Der Vizekanzler hat mit der Zusammenlegung von Wissenschaft und Wirtschaft Forscher und Studenten brüskiert. Die Zusagen, dass sich nichts ändern werde, sind angesichts der Probleme der Unis eine schlimme Drohung.

Renée Schroeder, österreichische Molekularbiologin von Weltruf, ist entsetzt. „Diese Entscheidung ist verheerend für Wissenschaft und Bildung. Nein, sie ist sogar schäbig, armselig und dumm“, erklärt sie auf Anfrage von profil: „Das zeigt, welchen Stellenwert die Wissenschaft in diesem Land hat.“

„Die Auflösung dieses Ministeriums ist nach innen wie auch international gesehen ein negatives Signal“, klagt der Rektor der Innsbrucker Universität, Tilmann Märk. Sein Kollege Wolfgang Schütz von der Wiener Meduni befürchtet, „dass der Stellenwert von Wissenschaft und Forschung in Österreich somit weiter sinken wird – und damit auch die finanziellen Mittel dafür“.

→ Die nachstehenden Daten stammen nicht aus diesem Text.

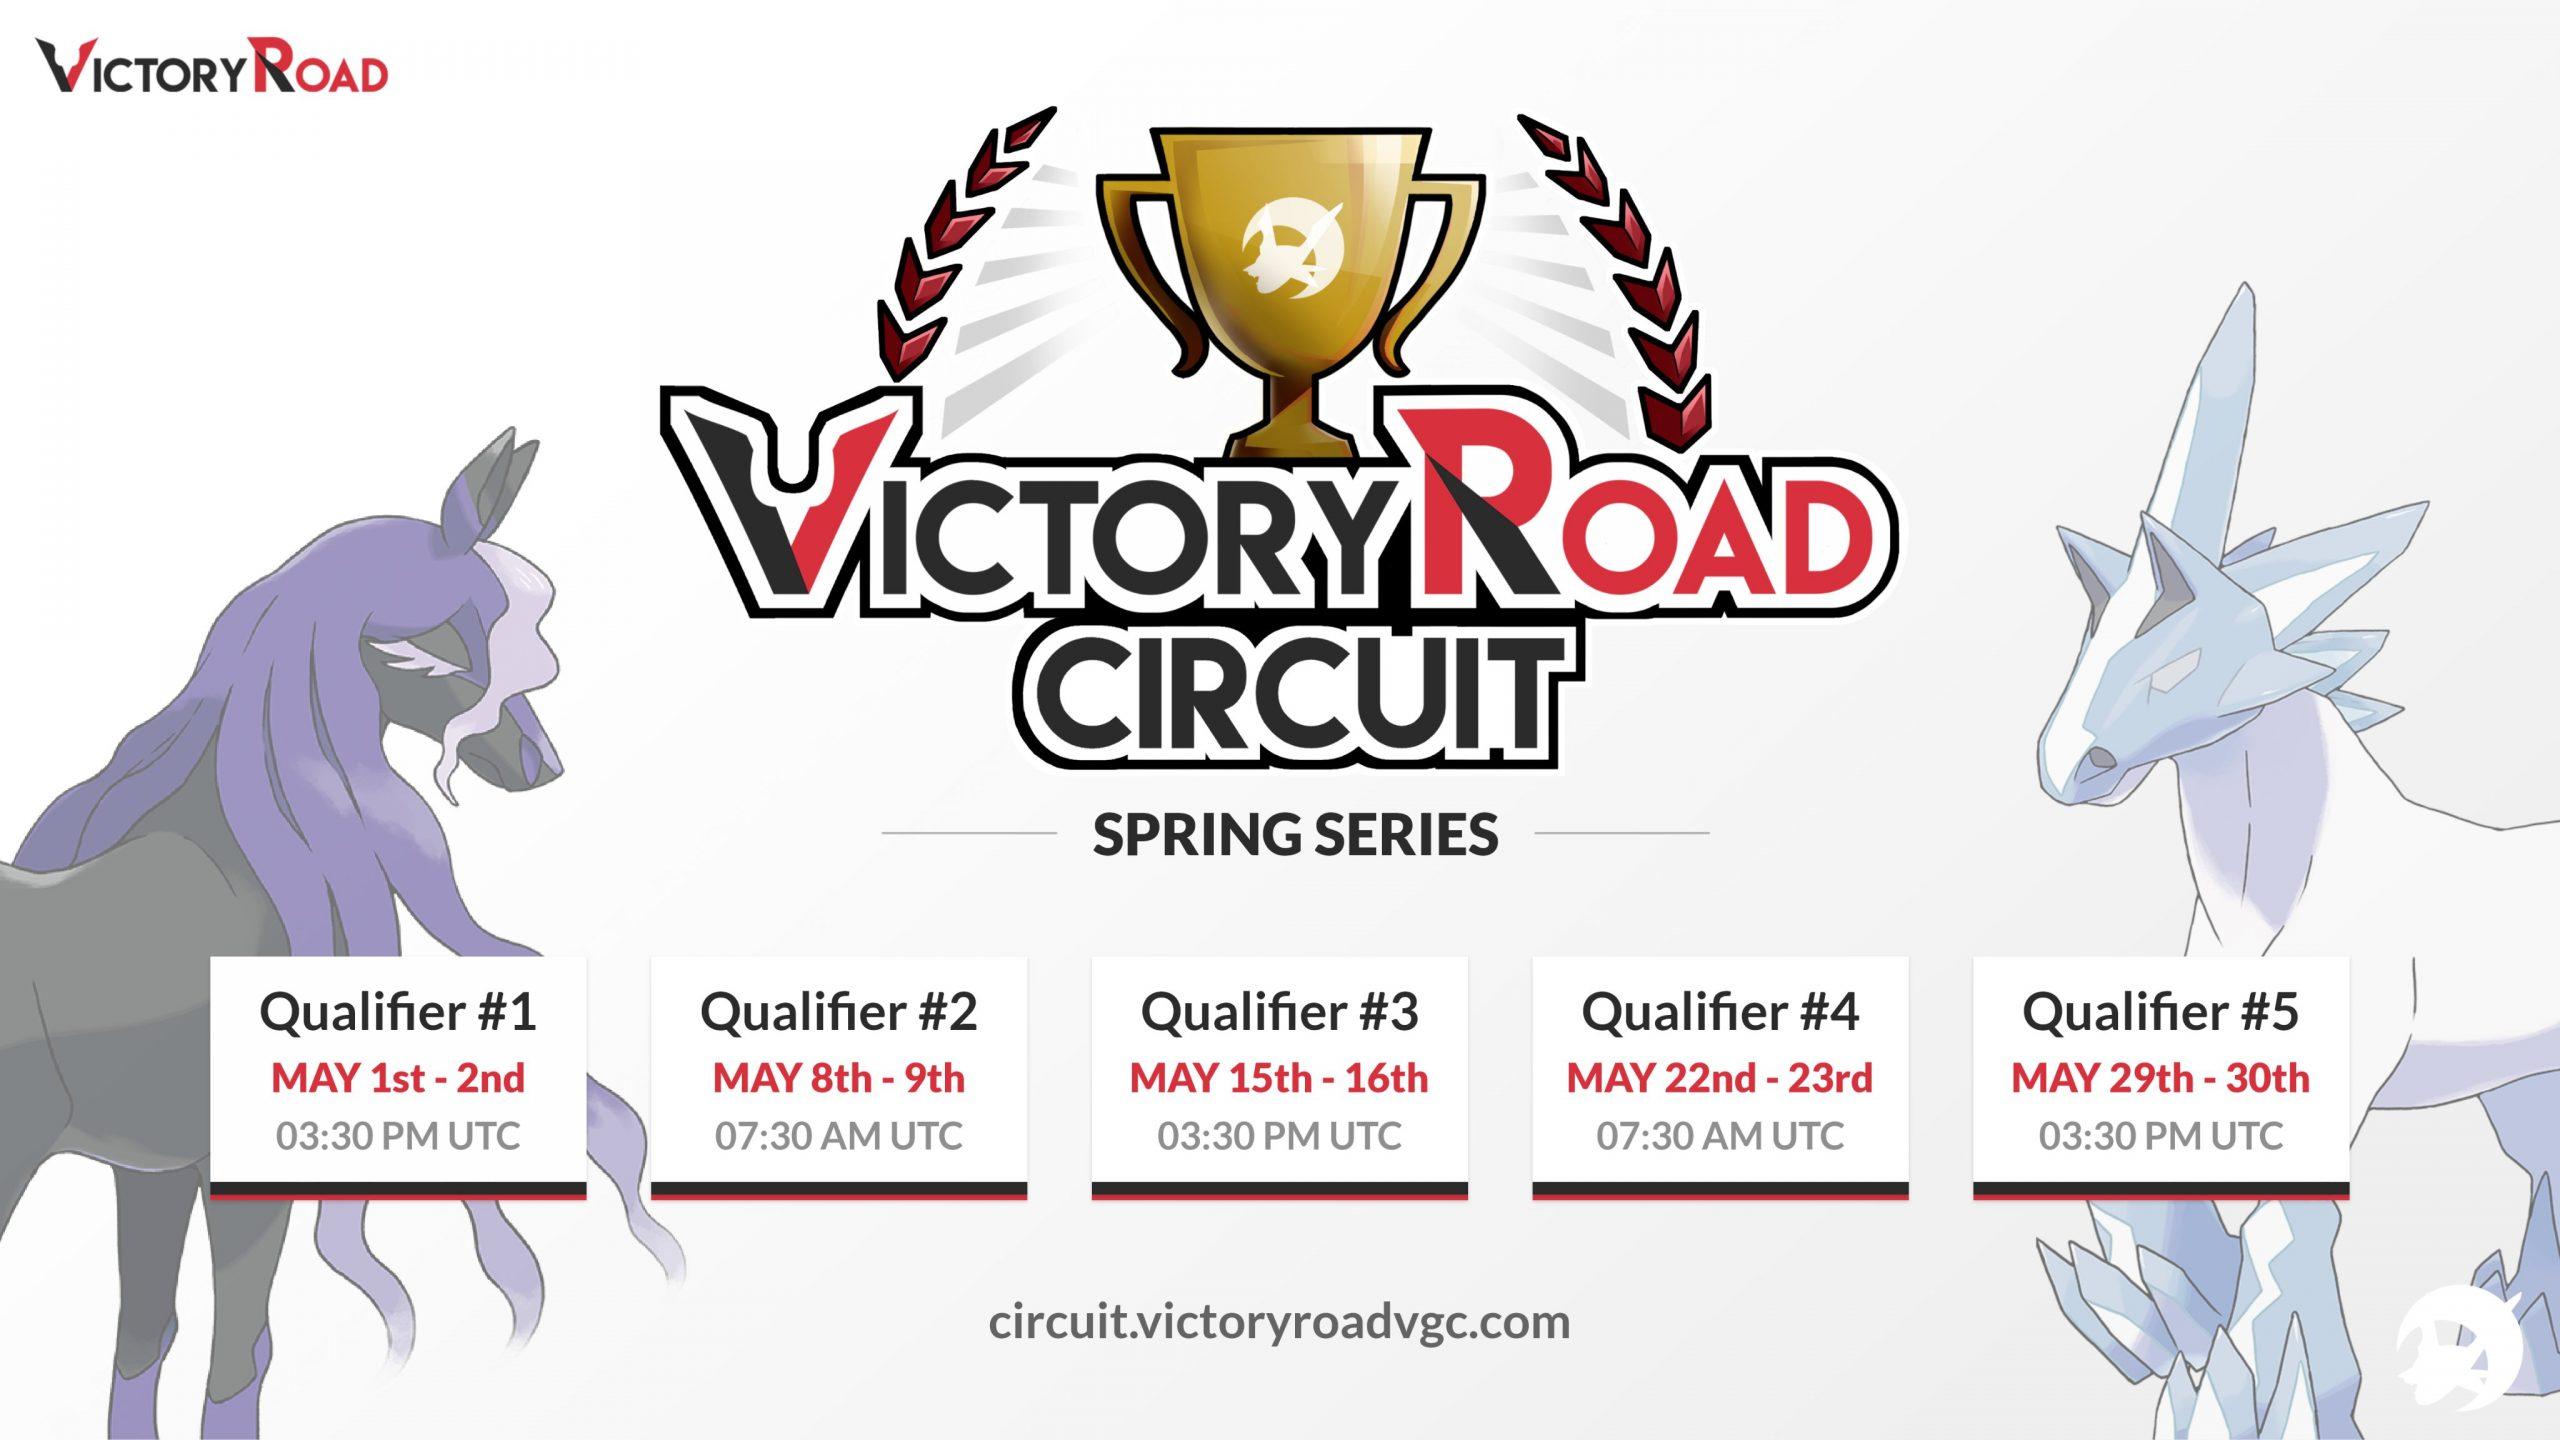 Victory Road Circuit Spring Series Clasificatorios

Die Entscheidung von Vizekanzler und ÖVP-Chef Michael Spindelegger, den beliebten Wissenschaftsminister Karlheinz Töchterle abzuberufen und den Sektor Lehre und Forschung Wirtschaftsminister Reinhold Mitterlehner zu übertragen, hat landesweit Uni-Lehrpersonal, Forscher und Studierende empört. Studenten störten mit Trillerpfeifen am Montag der vergangenen Woche die Angelobung des neuen Regierungsteams. In Graz besetzten aufgebrachte Studenten kurzfristig den Landtag. In Wien warfen am Dienstag vergangener Woche Studenten im Nationalrat während der Vorstellung der neuen Regierung von der Besuchergalerie Protestzettel ins Plenum. Tausende Demonstranten marschierten später zum bisherigen Wissenschaftsministerium am Minoritenplatz.

Selten zuvor hat eine einzige Personalentscheidung so viele Proteste über alle Parteigrenzen hinweg ausgelöst. Dass Vizekanzler Michael Spindelegger im Tausch für Familienministerin Sophie Karmasin den bescheidenen, aber effektiv agierenden Tiroler Töchterle kalt abservierte, stieß sogar in den eigenen Reihen auf Kritik: Die VP-nahe „Aktionsgemeinschaft“ protestierte mit der ÖH gegen die Ablöse.

„Kein Meilenstein“
Als neuer Wissenschaftssprecher der ÖVP im Nationalrat stimmte Töchterle gemeinsam mit der Opposition und vier empörten steirischen VP-Abgeordneten gegen die Vereinigung der Forschungsagenden mit dem Wirtschaftsressort unter Leitung von Reinhold Mitterlehner. „Möge dieses heikle Experiment gelingen“, meinte ein verbitterter und blasser Töchterle bei der Übergabe der Amtsgeschäfte an seinen oberösterreichischen Ministerkollegen.

Dieser bemühte sich redlich, Ängste vor einer Unterordnung der Wissenschaft unter ökonomische Prinzipien zu zerstreuen. Die Autonomie der Universitäten werde nicht angetastet, versicherte Mitterlehner am vergangenen Freitag in mehreren Einzelgesprächen mit Rektoren: Laut Regierungsprogramm werde es auch weiterhin ausreichend Mittel für Geisteswissenschaften geben; neben der Auftragsforschung für Unternehmen bleibe genügend Raum für Grundlagenforschung. Und das Wissenschaftsministerium samt Beamten selbst werde ja nicht aufgelöst, sondern lediglich dem Wirtschaftsressort angegliedert. So wird das von ihm geleitete Ressort künftig „Bundesministerium für Wissenschaft, Forschung und Wirtschaft“ heißen.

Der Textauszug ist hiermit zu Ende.